VISION is a member of the Last Chance Alliance, a broad coalition that sent Newsom an open letter on June 21 urging him to:

  1. “Direct CalGEM to issue a public health rule that includes at least a 2,500-foot setback between new and existing fossil fuel operations and all sensitive sites.
  2. Issue a moratorium on all new oil or gas permits within 2,500 feet of homes, schools and other sensitive sites until the rulemaking process has delivered equal or stronger protections for new and existing permits.”

Last Chance Alliance describes itself as an alliance of more than 750 public health, environmental justice, climate, and labor organizations united to urge Governor Gavin Newsom to end fossil fuel extraction across California and build a just climate future where every community can thrive.

Uduak-Joe Ntuk, California’s oil and gas supervisor, was not made available for an interview with the Associated Press at press time on Tuesday. However, Lisa Lien-Mager, a spokeswoman for the California Natural Resources Agency that oversees CalGEM, told the AP that the issue is complex and requires more time.

Regulators “continue to work toward developing science-based health and safety regulations to protect communities and workers from the impacts of oil extraction activities,” she said in an email to AP reporter Kathleen Ronayne.

I have written hundreds of articles on this website documenting the reason for California’s failure to protect the public from oil and gas  drilling  — capture of the Governor’s Office, Legislature and regulatory agencies by Big Oil.

On April 27, Amy Moas of Greenpeace began a series of pieces profiling some of the many ways that the fossil fuel industry exerts pressure across California’s government with a well-written and well-researched piece, “California’s Fossil Fuel Friendships – Part 1. Votes for Polluters over People.” These reports confirm the results of my extensive research over the past decade.

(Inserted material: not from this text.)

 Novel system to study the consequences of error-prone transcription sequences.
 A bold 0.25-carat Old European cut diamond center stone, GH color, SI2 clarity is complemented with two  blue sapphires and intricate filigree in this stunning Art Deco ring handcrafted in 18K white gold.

“Through lobbying, insider influence, campaign spending and more, the fossil fuel industry has secured friends within the Governor’s office, and at the legislative and regulatory levels resulting in cuts to public health and climate ambitions,” she wrote: www.greenpeace.org/…

In her first piece, she reported on the 4 lawmakers holding up crucial health protections for more than 2 million Californians living near drilling, focusing on two bills —  AB 345 in 2020 and SB467 in 2021- that would have required health and safety setbacks around oil and gas wells for the first time.

Official findings compiled by Moas reveal that those four lawmakers — State Senator Majority Leader Robert Hertzberg, Senator Ben Hueso, Senator Susan Eggman and Senate President pro Tempore Toni Atkins — received a total of $288,607 in donations from the oil and gas industry.